══ Data supplied

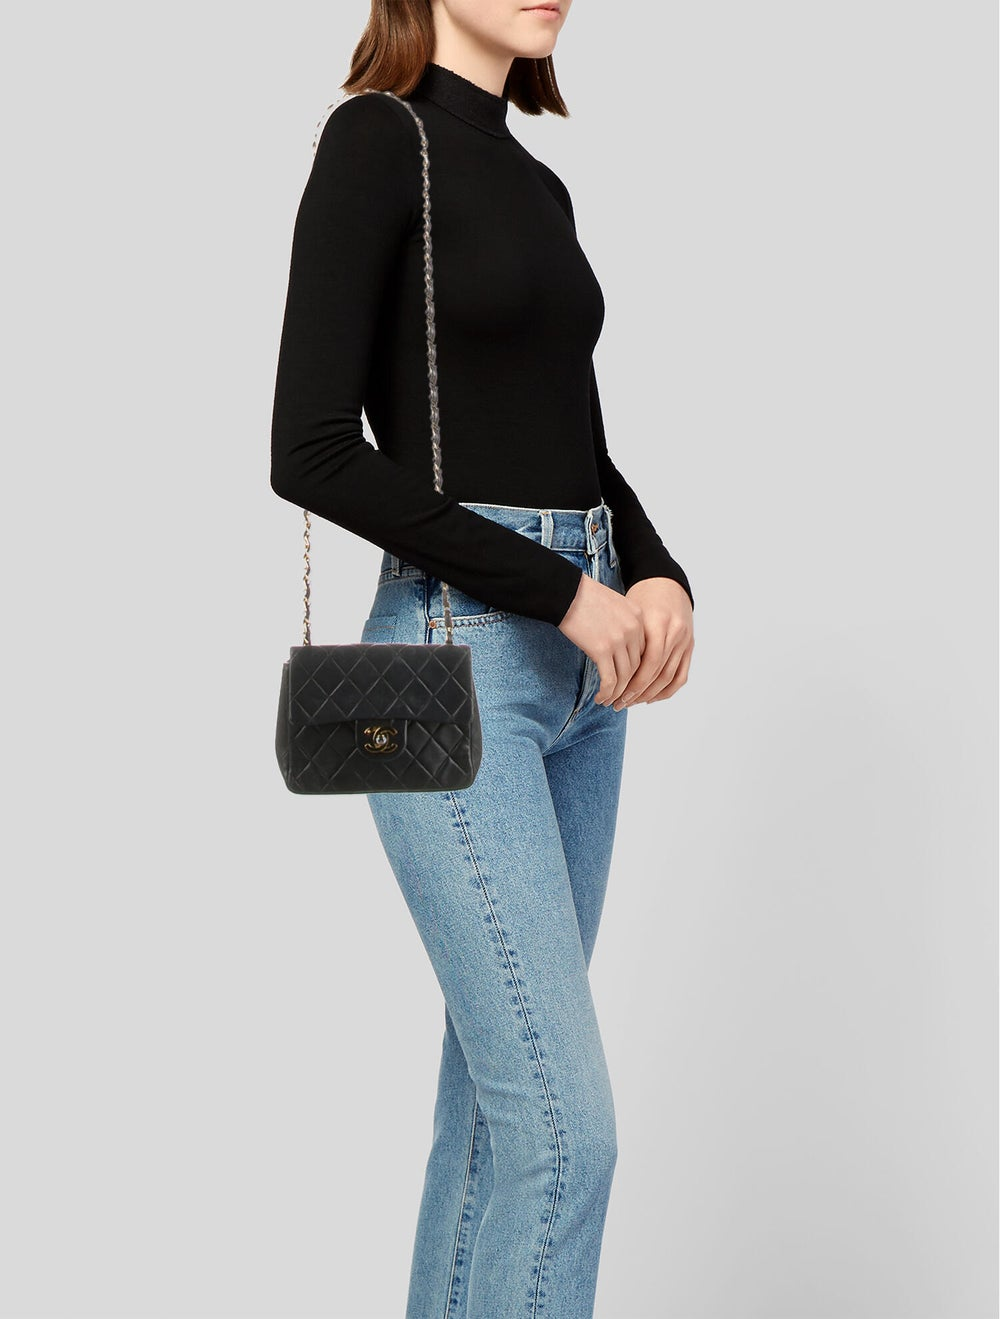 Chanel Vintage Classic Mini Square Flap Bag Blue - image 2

════
══ Data supplied

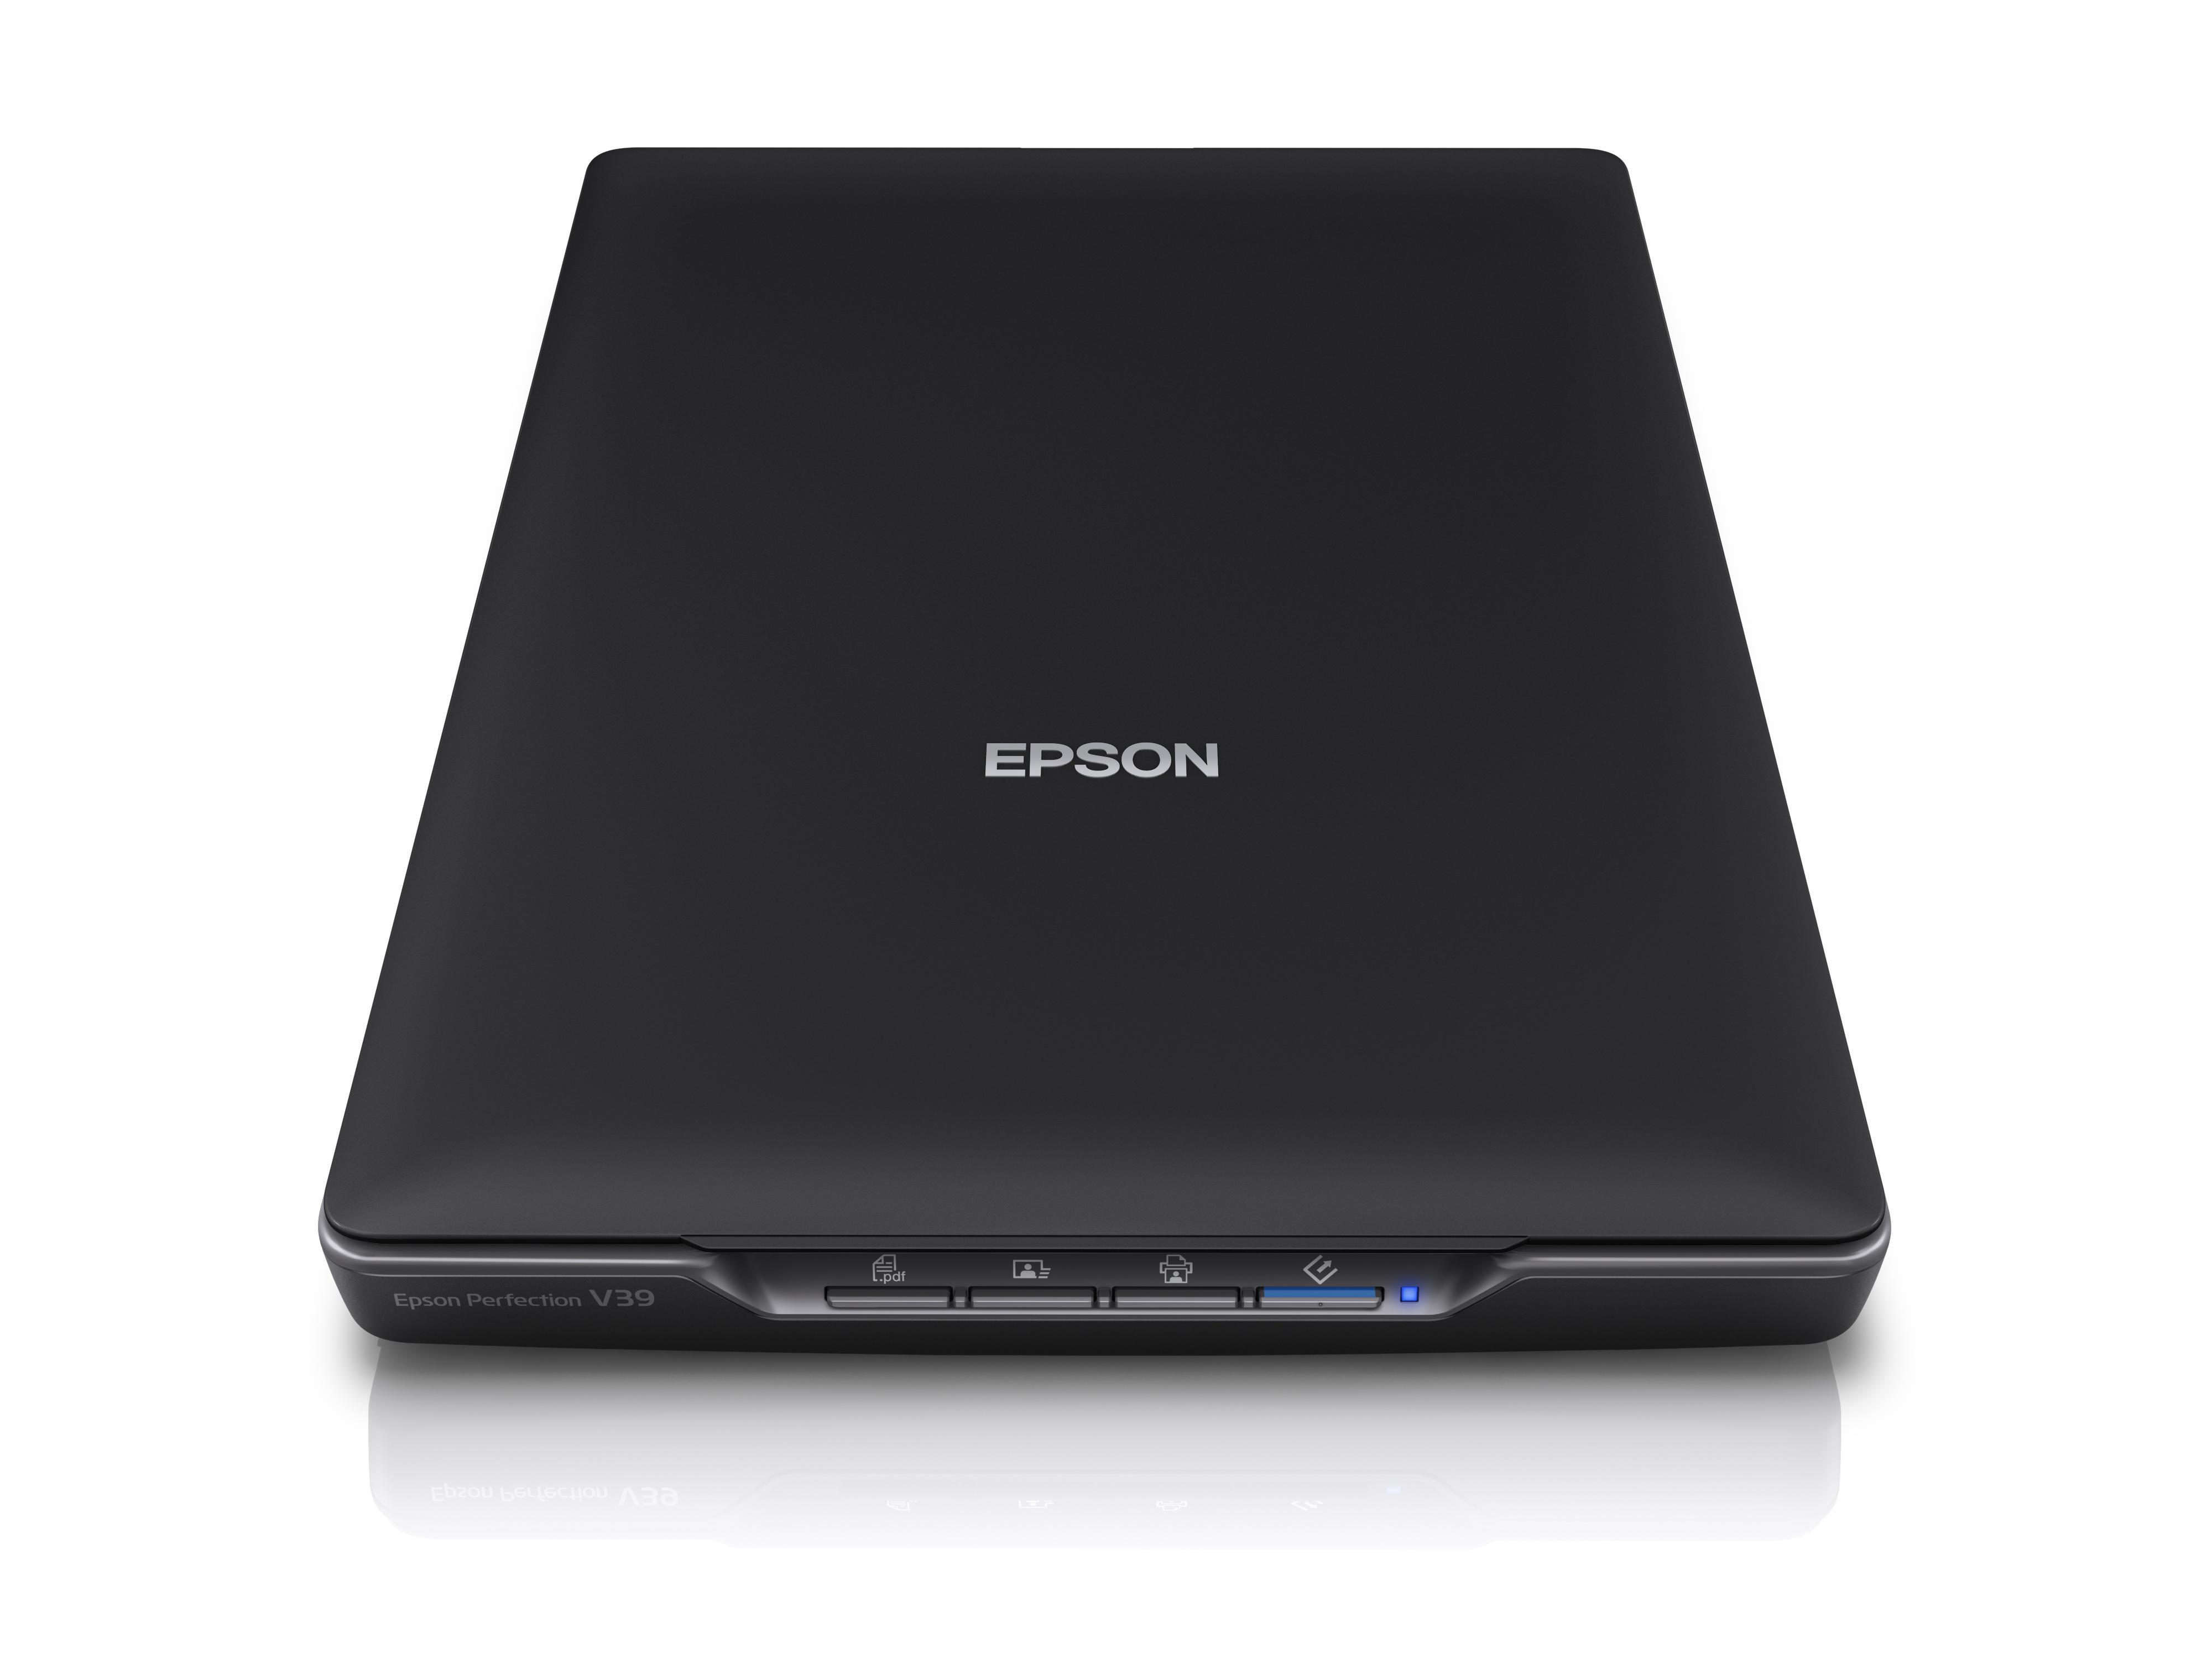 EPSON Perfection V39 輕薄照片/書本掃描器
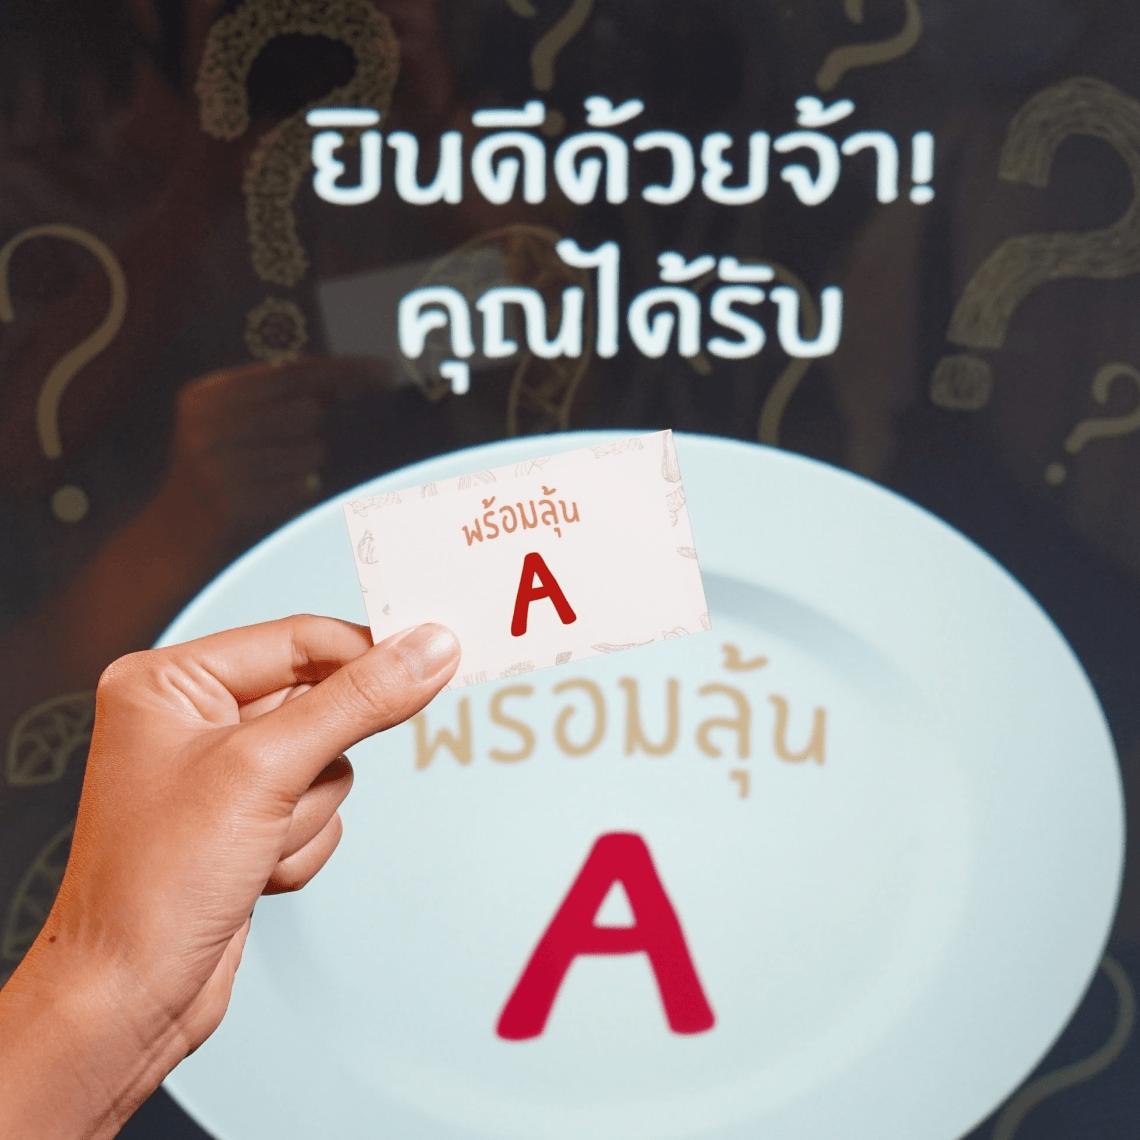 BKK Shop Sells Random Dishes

════
══ Data supplied

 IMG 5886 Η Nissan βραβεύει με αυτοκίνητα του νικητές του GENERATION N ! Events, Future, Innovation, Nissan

════

### Prompt
The answer must be the lines above from the one containing "EPSON Perfection V39 輕薄照片/書本掃描器" through the one containing "BKK Shop Sells Random Dishes", reproduced exactly, with no pictures and nothing else.

### Task response
 EPSON Perfection V39 輕薄照片/書本掃描器
 BKK Shop Sells Random Dishes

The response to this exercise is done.